Differential privacy (DP), introduced by Dwork, McSherry, Nissim and Smith (2006), is a mathematical definition of privacy that bounds how much an individual's presence or absence in a dataset can change the output of an analysis. It is the de-facto standard adopted by the U.S. Census Bureau (2020), Apple, Google, Meta, and used in privacy-preserving deep learning via the DP-SGD algorithm (Abadi et al., 2016).
Definition. A randomised mechanism $\mathcal{M}: \mathcal{X}^n \to \mathcal{Y}$ is $(\epsilon, \delta)$-differentially private if for any two neighbouring datasets $D, D'$ (differing in a single record) and any measurable $S \subseteq \mathcal{Y}$,
$$\Pr[\mathcal{M}(D) \in S] \;\le\; e^{\epsilon} \cdot \Pr[\mathcal{M}(D') \in S] + \delta.$$
The privacy budget $\epsilon$ controls how much the output distribution can shift; smaller is more private. $\delta$ is the failure probability and is typically set to $\delta \ll 1/n$. Pure $\epsilon$-DP corresponds to $\delta = 0$.
Key properties.
- Post-processing. Any function of the output is at least as private: if $f$ is data-independent then $f(\mathcal{M}(D))$ is also $(\epsilon, \delta)$-DP.
- Composition. Releasing $k$ independent $(\epsilon_i, \delta_i)$-DP outputs gives $(\sum_i \epsilon_i, \sum_i \delta_i)$-DP via basic composition; tighter bounds come from advanced composition or Rényi DP.
- Group privacy. $(\epsilon, \delta)$-DP for one record extends to $(k\epsilon, k e^{(k-1)\epsilon} \delta)$ for $k$ correlated records.
Standard mechanisms.
- Laplace mechanism. For a query $f$ with $\ell_1$ sensitivity $\Delta_1 f = \max_{D \sim D'} \|f(D) - f(D')\|_1$, release $f(D) + \mathrm{Lap}(\Delta_1 f / \epsilon)^d$ to achieve $\epsilon$-DP.
- Gaussian mechanism. With $\ell_2$ sensitivity $\Delta_2 f$, release $f(D) + \mathcal{N}(\mathbf{0}, \sigma^2 \mathbf{I})$ with $\sigma \ge \Delta_2 f \cdot \sqrt{2 \ln(1.25/\delta)} / \epsilon$ to achieve $(\epsilon, \delta)$-DP.
DP-SGD for deep learning. A single SGD step's sensitivity is unbounded because gradients can be arbitrarily large. Abadi et al. (2016) clip per-example gradients then add noise:
- Sample. Take a Poisson-sampled mini-batch with rate $q = B/n$.
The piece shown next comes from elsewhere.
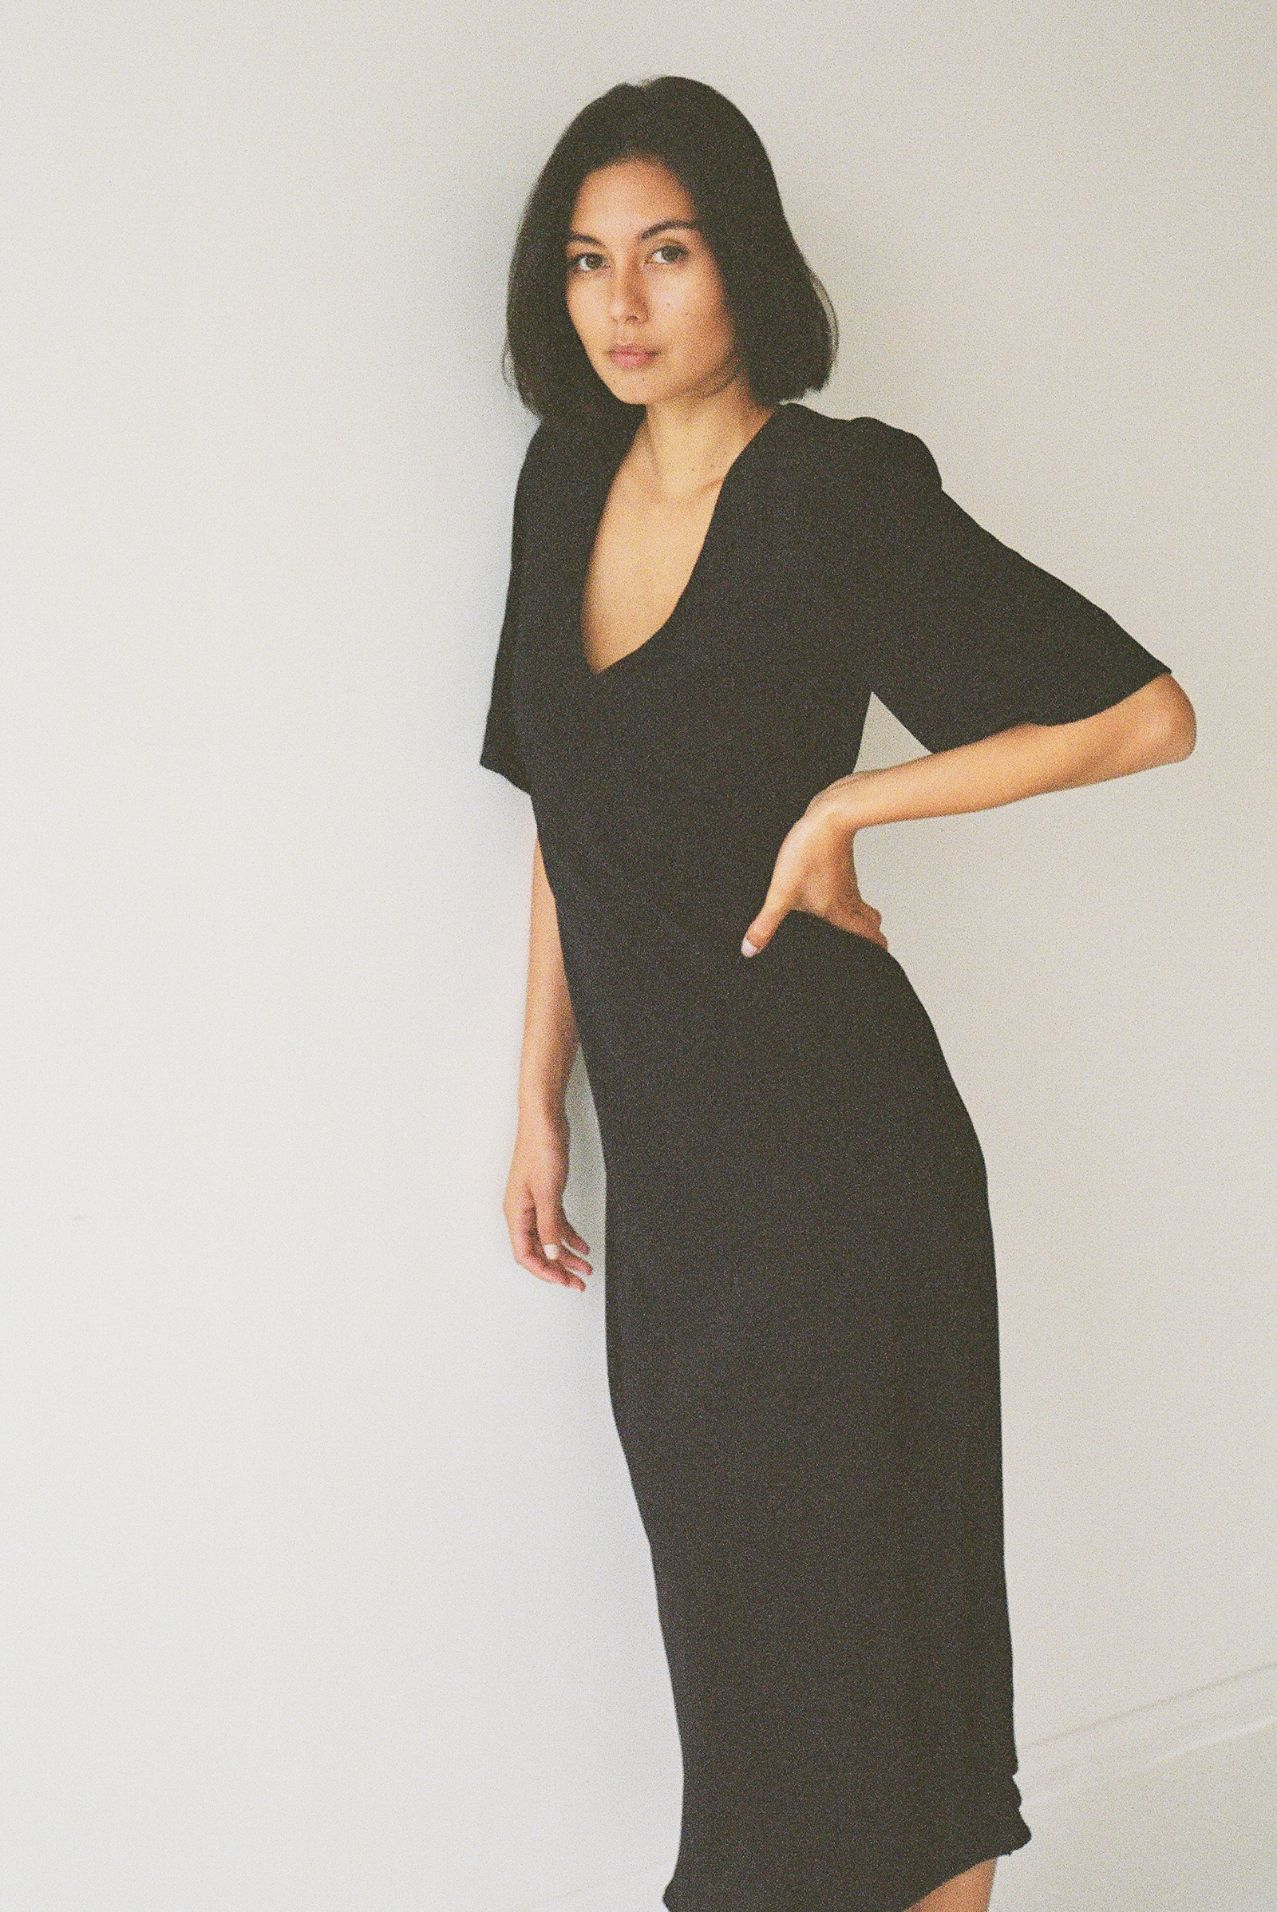 Paloma deux dress black silk - Ellis Label - Made to order womenswear - New Zealand_0059_82980028
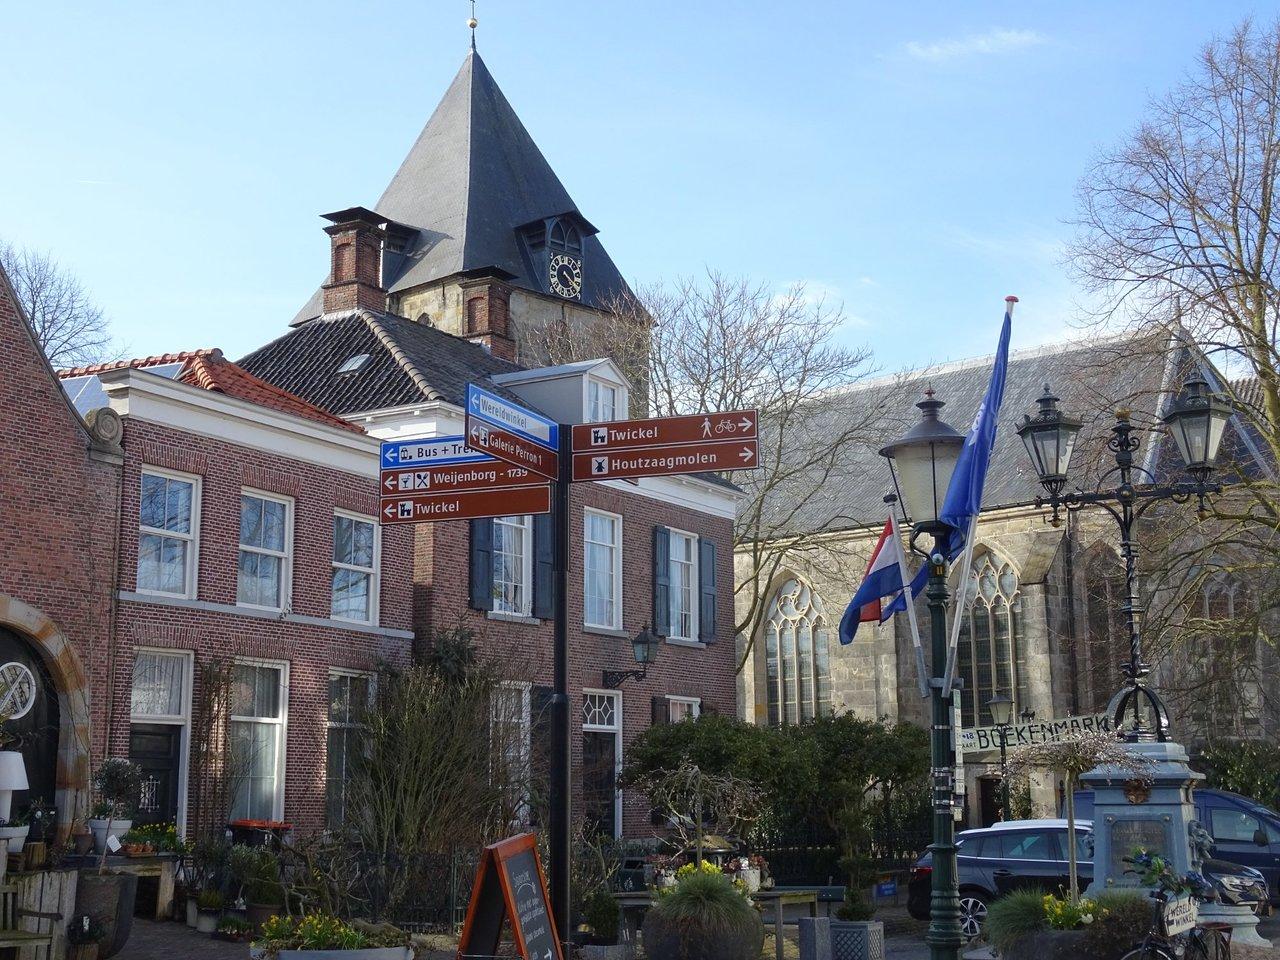 Vvv Hof Van Twente Delden 2021 All You Need To Know Before You Go With Photos Tripadvisor

- Per-example gradient. Compute $\mathbf{g}_i = \nabla_\theta \mathcal{L}_i(\theta)$ for each sample $i$.
- Clip. Project each gradient to a $\ell_2$-ball of radius $C$: $$\bar{\mathbf{g}}_i = \mathbf{g}_i \cdot \min\!\left(1, \; \frac{C}{\|\mathbf{g}_i\|_2}\right).$$
- Aggregate and noise. $$\tilde{\mathbf{g}} = \frac{1}{B}\!\left( \sum_{i} \bar{\mathbf{g}}_i \;+\; \mathcal{N}\!\big(\mathbf{0}, \sigma^2 C^2 \mathbf{I}\big) \right).$$
- Update. $\theta \leftarrow \theta - \eta \tilde{\mathbf{g}}$.
The moments accountant (or its tighter successor Rényi DP accountant) tracks the cumulative privacy loss across training steps, exploiting privacy amplification by sub-sampling: a $q$-rate sub-sample of an $\epsilon$-DP mechanism is roughly $q\epsilon$-DP for small $\epsilon$.
Privacy–utility trade-off. Stronger privacy (smaller $\epsilon$, larger $\sigma$) means noisier gradients and lower accuracy. Practical recommendations:
- $\epsilon \le 1$: strong, often $\sim 5$–$15$ percentage points accuracy loss versus non-private training on ImageNet.
- $\epsilon \approx 3$–$10$: moderate, common in production.
- $\epsilon > 10$: weak guarantees, mostly heuristic.
Local DP. Noise is added on the client before any data leaves it, giving stronger guarantees but at the cost of more accuracy. Used in Apple's keyboard typing telemetry and Google's RAPPOR.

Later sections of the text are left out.